I reported the issue at xstring here
https://framagit.org/unbonpetit/xstring/-/issues/4
<https://framagit.org/unbonpetit/xstring/-/issues/4>
I looked at what you said here, and some of it doesn’t seem to be in
accord with
my TeXLive installations.
viz.
/usr/local/texlive/2016/.../xstring.tex:\expandafter\ifx\csname
@latexerr\endcsname\relax% on n'utilise pas LaTeX ?
/usr/local/texlive/2016/.../xstring.tex:\fi% fin des d\'efinitions LaTeX
/usr/local/texlive/2016/.../xstring.tex:% - Le package ne n\'ecessite
plus LaTeX et est d\'esormais utilisable sous
/usr/local/texlive/2016/.../xstring.tex:% Plain eTeX.
/usr/local/texlive/2017/.../xstring.tex:% conditions of the LaTeX
Project Public License, either version 1.3
/usr/local/texlive/2017/.../xstring.tex:% and version 1.3 or later is
part of all distributions of LaTeX
/usr/local/texlive/2017/.../xstring.tex:\expandafter\ifx\csname
@latexerr\endcsname\relax% on n'utilise pas LaTeX ?
/usr/local/texlive/2017/.../xstring.tex:\fi% fin des d\'efinitions LaTeX
/usr/local/texlive/2017/.../xstring.tex:% - Le package ne n\'ecessite
plus LaTeX et est d\'esormais utilisable sous
/usr/local/texlive/2017/.../xstring.tex:% Plain eTeX.
/usr/local/texlive/2018/.../xstring.tex:% !TeX encoding = ISO-8859-1
/usr/local/texlive/2018/.../xstring.tex:% Licence : Released under
the LaTeX Project Public License v1.3c %
/usr/local/texlive/2018/.../xstring.tex:% Plain eTeX.
/usr/local/texlive/2019/.../xstring.tex:% !TeX encoding = ISO-8859-1
/usr/local/texlive/2019/.../xstring.tex:% Licence : Released under
the LaTeX Project Public License v1.3c %
/usr/local/texlive/2019/.../xstring.tex: Plain eTeX.
prior to 2018, the accents in comments used ASCII, so UTF-8, but not
intentionally so.
In 2017, the accents in comments became latin-1 chars.
A 1st line was added: % !TeX encoding = ISO-8859-1
to indicate this.
Such directive comments are useless, except at the beginning of the main
document source.
They are for Front-End software, not TeX processing, right?
They're for front-end software, but not only for the main document
source; any file could have an encoding directive to tell the editor how
to load/save it.
Jonathan, David,
so far as I can tell, it was *never* in UTF-8 with preformed accents.
I have a copy of xstring.tex here (in an old TeXlive tree) that is dated
\def\xstringversion {1.7c}
\def\xstringdate {2013/10/13}
where many of the accents (in comments) are encoded "TeX-style" with
control sequences, but there are also some that are literal accented
letters -- and they're in utf-8. If I load this file as Latin-1 in my
editor, those letters are garbled.
(They're even mixed with the TeX-style sequences within a single line,
sometimes:
% 2) Ensuite, on d\'etokenize ce d\'eveloppement de façon n'avoir plus que
Notice what happened to "façon" there when read as Latin-1...)

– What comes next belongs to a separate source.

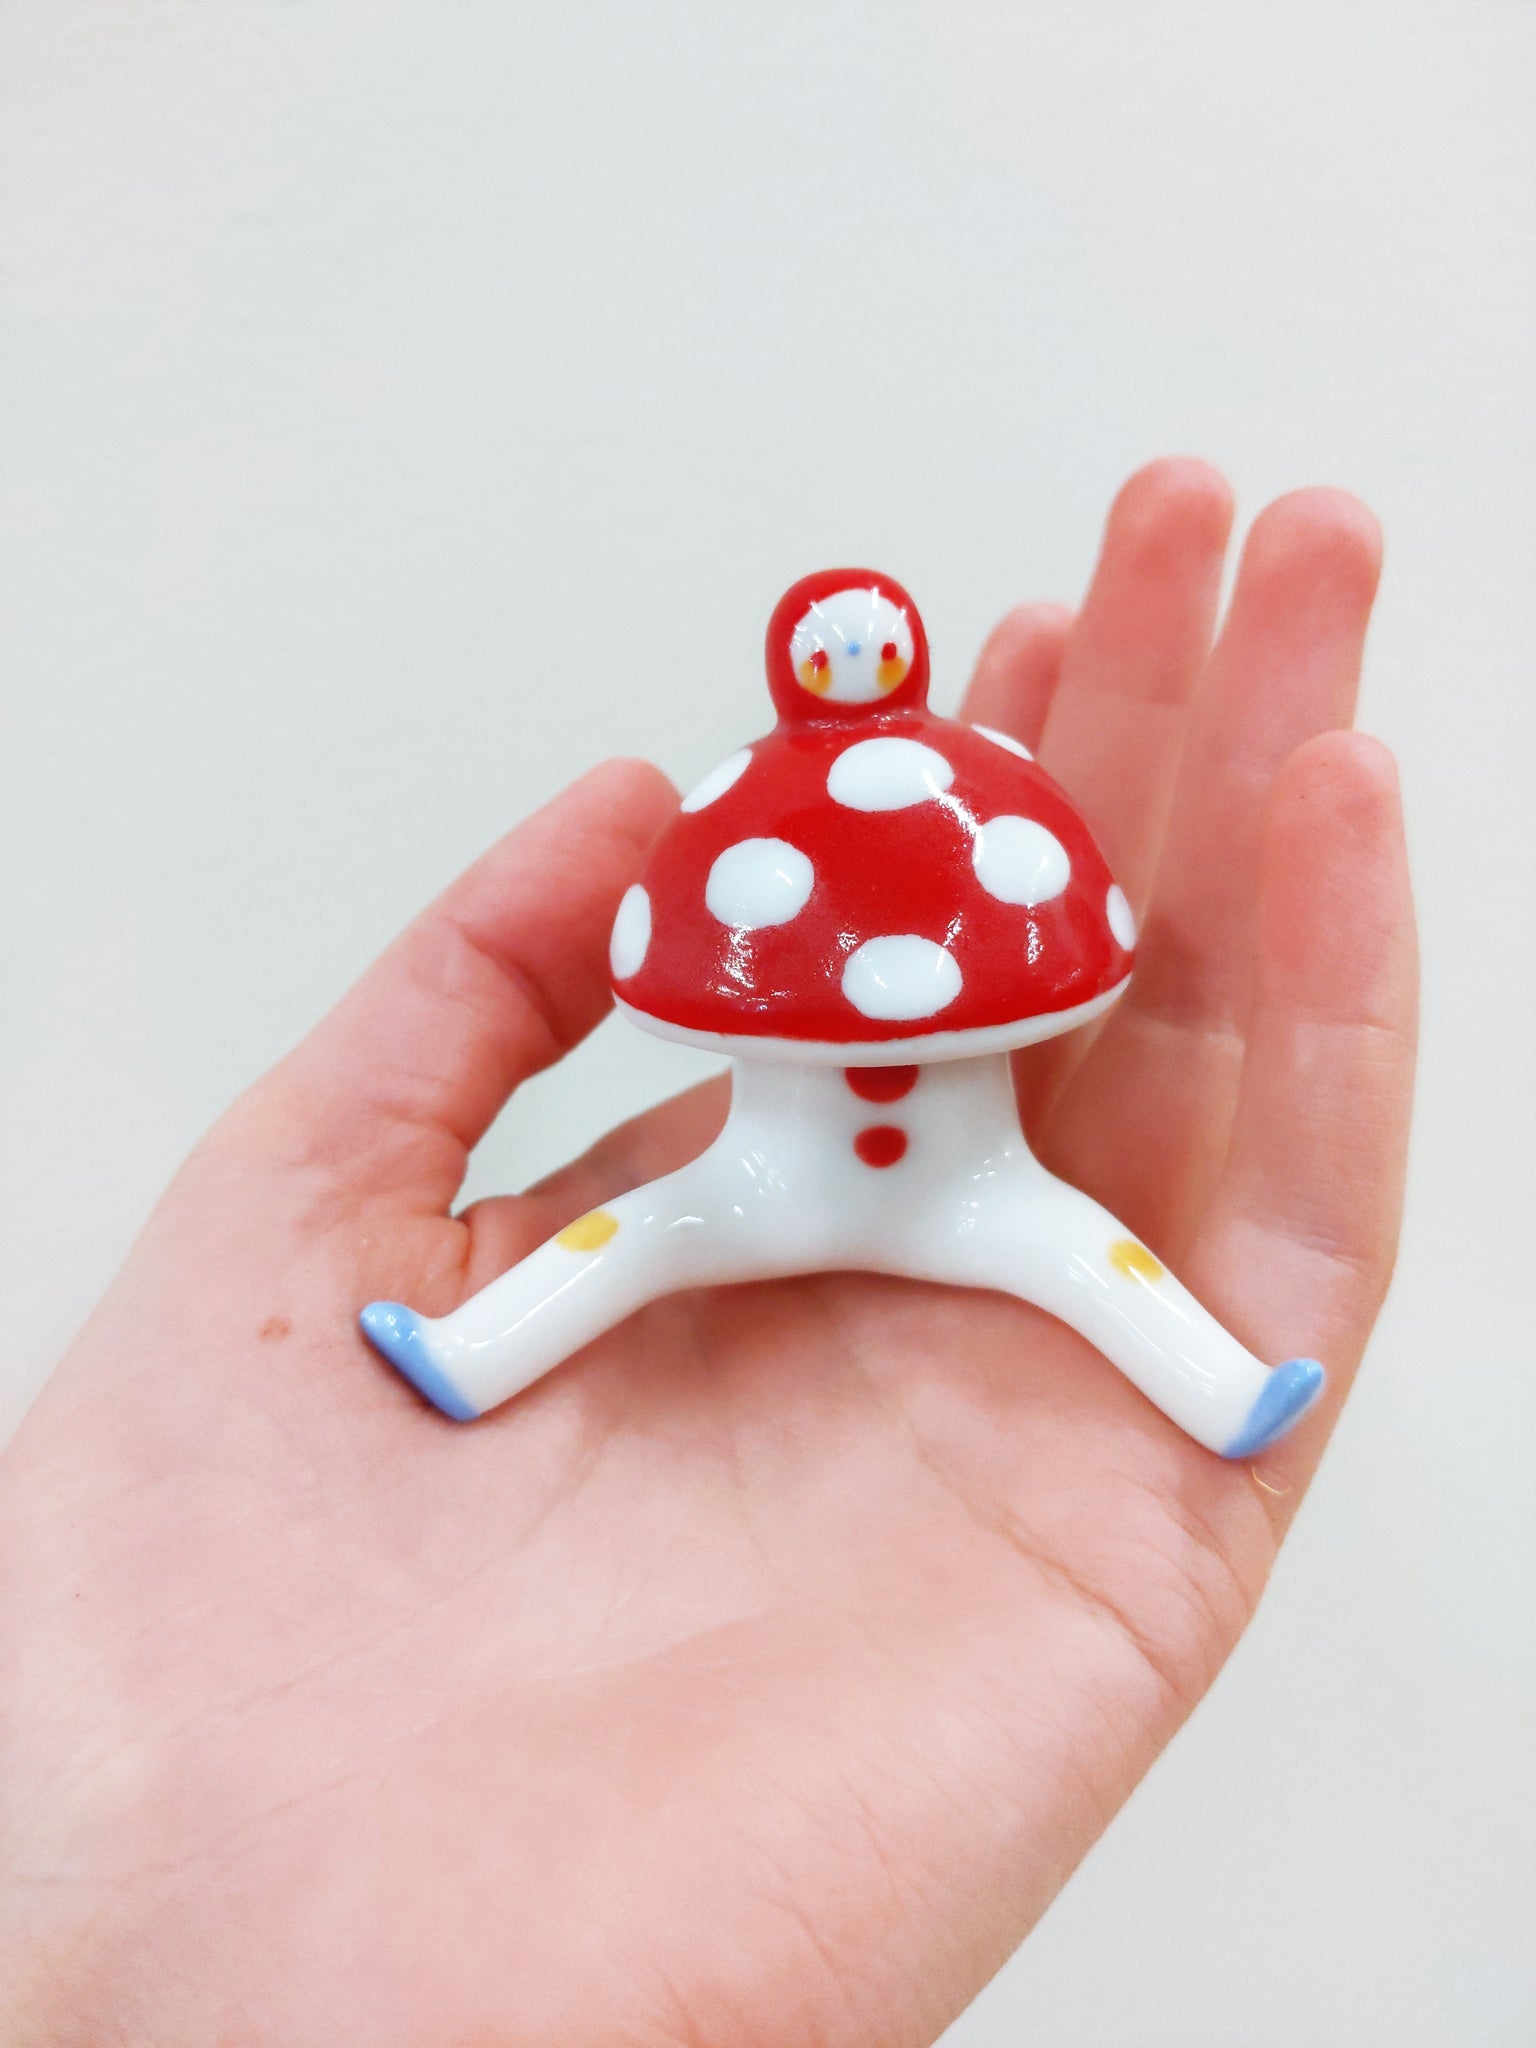 goatPIERROT Ceramic Art Toy [23.023: Mushroombirdman with Removable Top]

It does sound like they later did a deliberate conversion to Latin-1
(contrary to what I was guessing); this is unfortunate, in that it means
the file will be mis-read by software that expects UTF-8, which is the
de facto default encoding for text these days.
So I think switching to UTF-8 would be a better choice; if they don't
want to do that, adding a \XeTeXinputencoding line would be helpful.
JK